Vous vous demandiez si nous accepterions de vous les partager n'est-ce pas? Aller! J’ai promis aucun secret. Aux marchés publics, les fruiteries, boulangeries et tout commerces de proximité s’ajoutent à la liste des petites perles notamment pour la variété et l’offre bio. Que se soit en Australie, à MTL, Sherbrooke, ici aux USA, nous avons constaté que les standards de «beauté», de «fraîcheur» pour répondre à la «demande» ou aux «exigences» de la clientèle sont largement supérieurs au supermarché… Disons que la beauté se retrouve vite dans le conteneur.

Envie de junk food? Sandwichs, boissons, chips, barres chocolatées?

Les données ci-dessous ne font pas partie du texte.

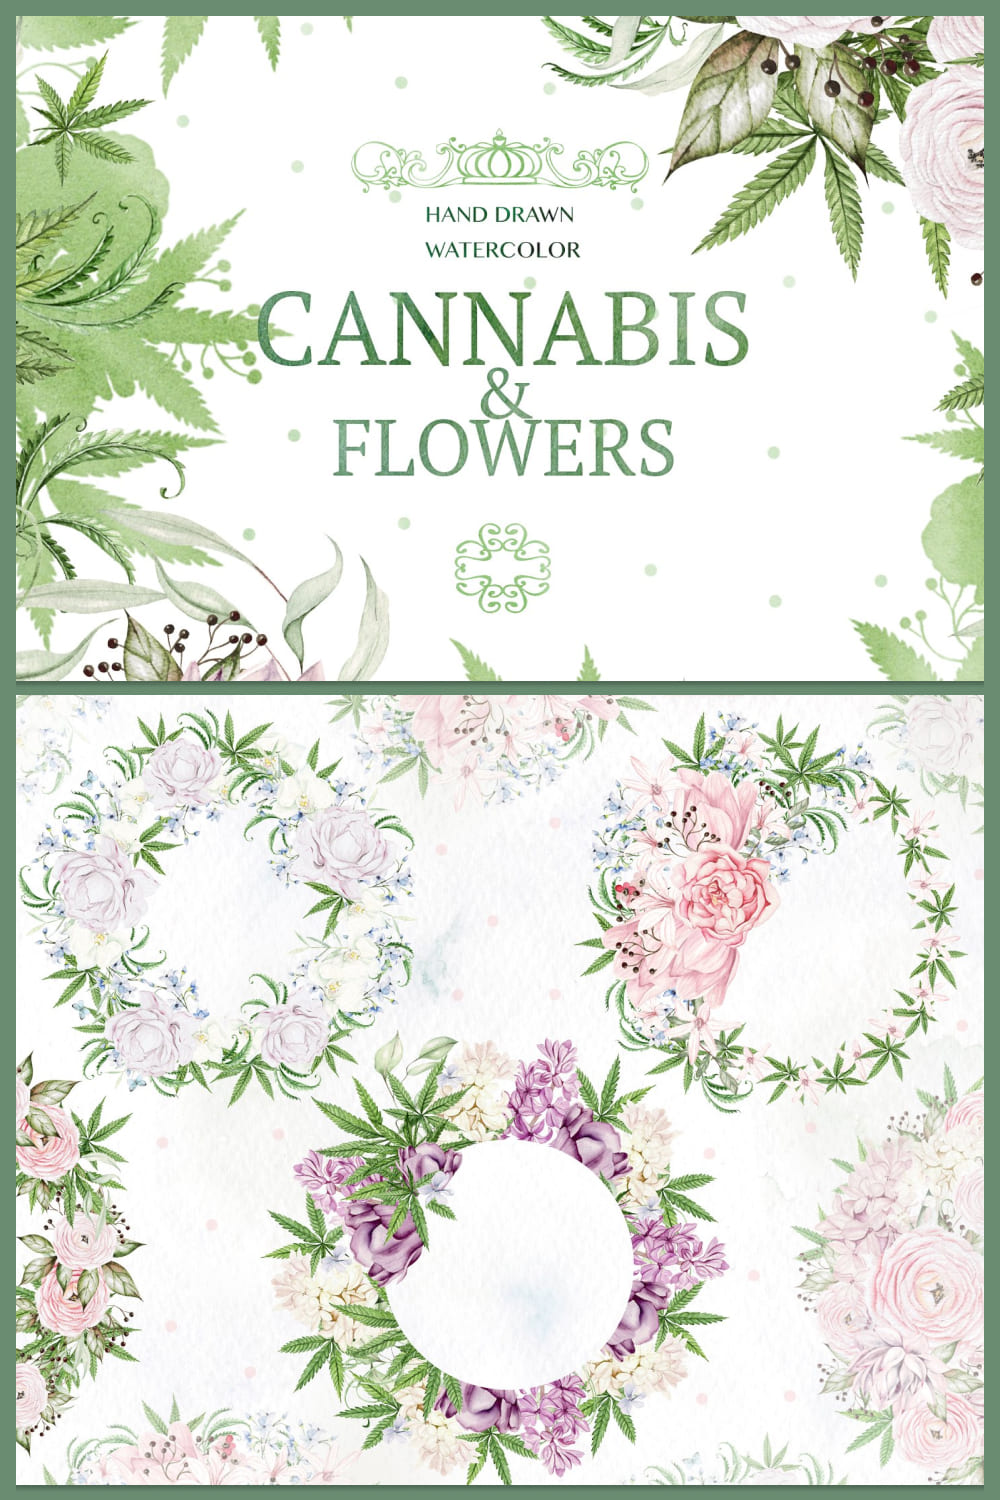 Watercolor Cannabis & Flowers - Pinterest.

Alors là ce sera plutôt facile, une visite dans l’un de ces dépanneurs à l’enseigne bleu, rouge et blanche arborant un hibou et le tour est joué.

Aussi, promettez-moi de garder le secret entre nous d’accord? Je ne voudrais pas que ça se rende à leur oreille et que l’on se retrouve devant des conteneurs cadenassés. Ces endroits sont précieux pour plusieurs adeptes et nourrissent des dizaines de famille. Si l’envie de dénoncer est plus forte que vous, s.v.p, je vous prie de le faire anonymement. Il y a cette chaîne de quelques magasins bios dont l’enseigne porte 5 lettres que l’on peut associer à un mois de l’année.

Alors, voilà. Tout y est! Vous êtes prêts à vous lancer. N’hésitez surtout pas à me partager vos aventures, vos expériences et vos trouvailles, c’est si beau! Je vous jure que vous ne verrez plus les ruelles et arrières de commerce du même œil.